Rename $\,x^2 - y^2\,$ as a product (i.e., factor):

$$ x^2 - y^2 = (x-y)(x+y) $$

Lesson: Factoring a Difference of Squares

Rename $\displaystyle\,\frac 12\,$ in the form $\displaystyle\,\frac 3x\,$:

Approach #1: Multiply by $\,1\,$ in a form that brings $\,3\,$ into the picture:

$$ \frac 12 = \frac 12\cdot\frac 33 = \frac 36 $$

Approach #2: Solve an equation:

$$ \begin{gather} \frac 12 = \frac 3x\cr\cr (2x)(\frac 12) = (2x)(\frac 3x)\cr\cr x = 6 \end{gather} $$

So, $\,\frac 12 = \frac 36\,.$

Rename $\displaystyle\,\frac 1x - \frac 2{x+3}\,$ as a single fraction:

$$ \begin{align} &\frac 1x - \frac 2{x+3}\cr\cr &\quad = \frac 1x\cdot\frac{x+3}{x+3} - \frac 2{x+3}\cdot\frac{x}x\cr\cr &\quad = \frac{x+3}{x(x+3)} - \frac{2x}{x(x+3)}\cr\cr &\quad = \frac{x+3 - 2x}{x(x+3)}\cr\cr &\quad = \frac{-x + 3}{x(x+3)} = \frac{3-x}{x(x+3)} \end{align} $$

Either of these final names is equally good!

Lesson: Adding and Subtracting Fractions With Variables

Rename $\,0.25\,$ as a percent:

$$ \begin{align} 0.25 &= \frac{25}{100}\cr &= 25\cdot \frac 1{100}\cr &= 25\% \end{align} $$

Lesson: Changing Decimals to Percent

Rename $\displaystyle\,\frac{x^4x^{-1}}{(x^2)^3 x}\,$ in the form $\,x^k\,$:

$$ \begin{align} \frac{x^4x^{-1}}{(x^2)^3 x} &= \frac{x^{4+(-1)}}{x^6x^1}\cr\cr &= \frac{x^3}{x^7}\cr\cr &= x^{3-7}\cr\cr &= x^{-4} \end{align} $$

There are many other ways that this could be done.

Lesson: Multi-Step Exponent Law Practice

Rename $\,300\text{ ft/sec}\,$ in the form $\,x\,\text{ mph}\,.$ Here, ‘mph’ is ‘miles per hour’, and there are $\,5{,}280\,$ feet in one mile.

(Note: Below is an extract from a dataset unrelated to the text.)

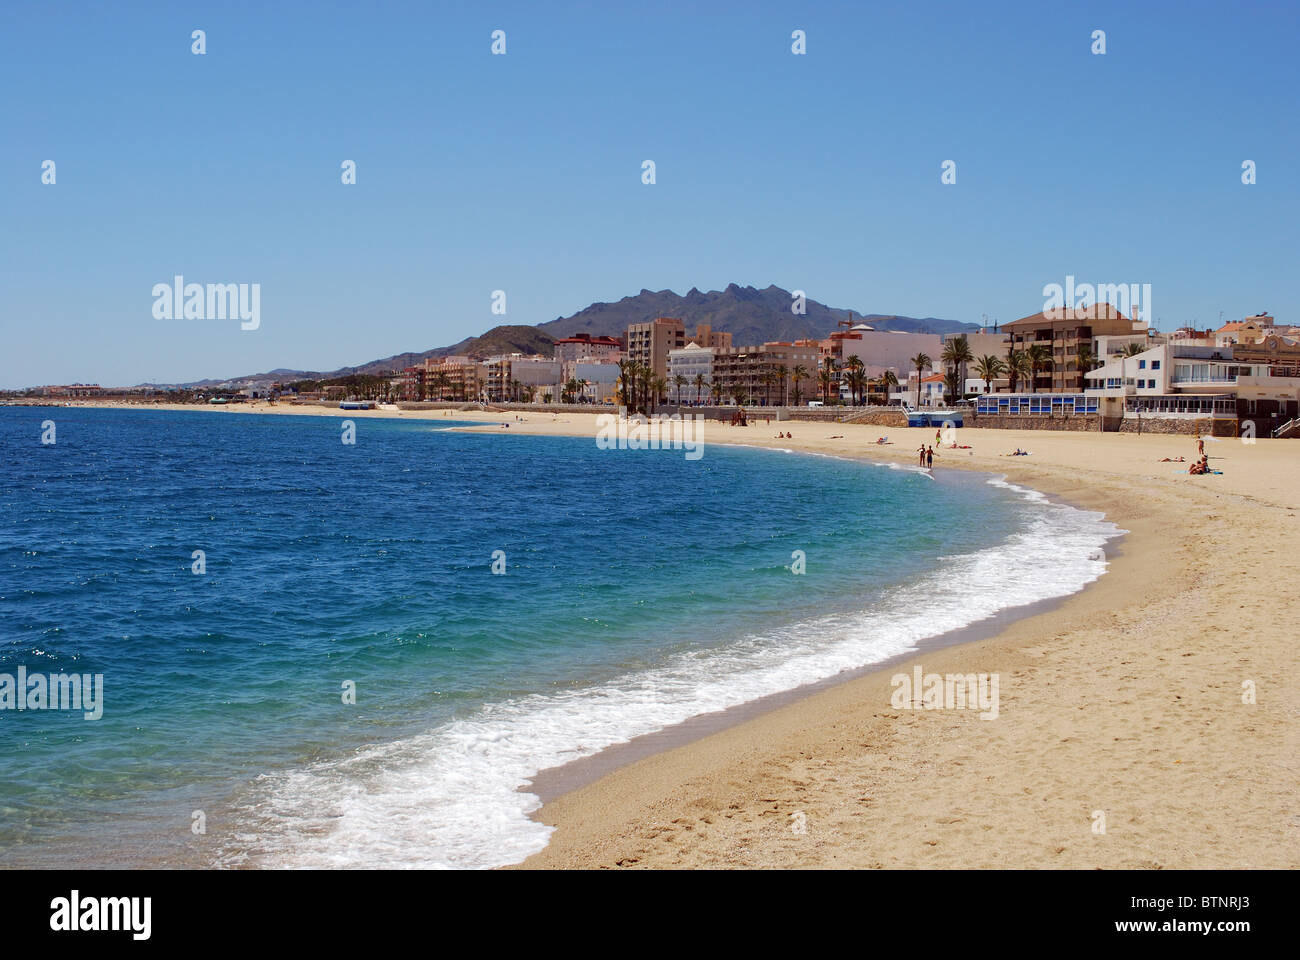 View along the beach, Garrucha, Almeria Province, Costa Almeria, Andalucia, Spain, Western Europe. Stock Photo

$$ \begin{align} 300\text{ ft/sec} &= \frac{300\text{ ft}}{\text{sec}}\cr\cr &= \frac{300 \text{ ft}}{\text{sec}}\cdot \frac{1\text{ mile}}{5280\text{ ft}}\cdot \frac{60\text{ sec}}{1\text{ min}}\cdot \frac{60\text{ min}}{1\text{ hr}}\cr\cr &= \frac{300(60)(60)\text{ miles}}{5280 \text{ hr}}\cr\cr &\approx 204.5 \text{ mph} \end{align} $$

Lesson: Rate Problems

Solve: $\,3x(1-5x)(x^2-16) = 0$

$$ \begin{gather} 3x(1-5x)(x^2-16) = 0\cr\cr 3x = 0\ \ \text{or}\ \ 1-5x = 0\ \ \text{or}\ \ x^2-16 = 0\cr\cr x = 0\ \ \text{or}\ \ 1 = 5x\ \ \text{or}\ \ x^2 = 16\cr\cr x = 0\ \ \ \text{or}\ \ \ x = \frac15\ \ \ \text{or}\ \ \ x = \pm 4 \end{gather} $$

Key idea: recognize that a product equals zero, and use the Zero Factor Law. Recall that ‘$\,x=\pm 4\,$’ means ‘$\,x = 4\ \ \text{or}\ \ x = -4\,$’.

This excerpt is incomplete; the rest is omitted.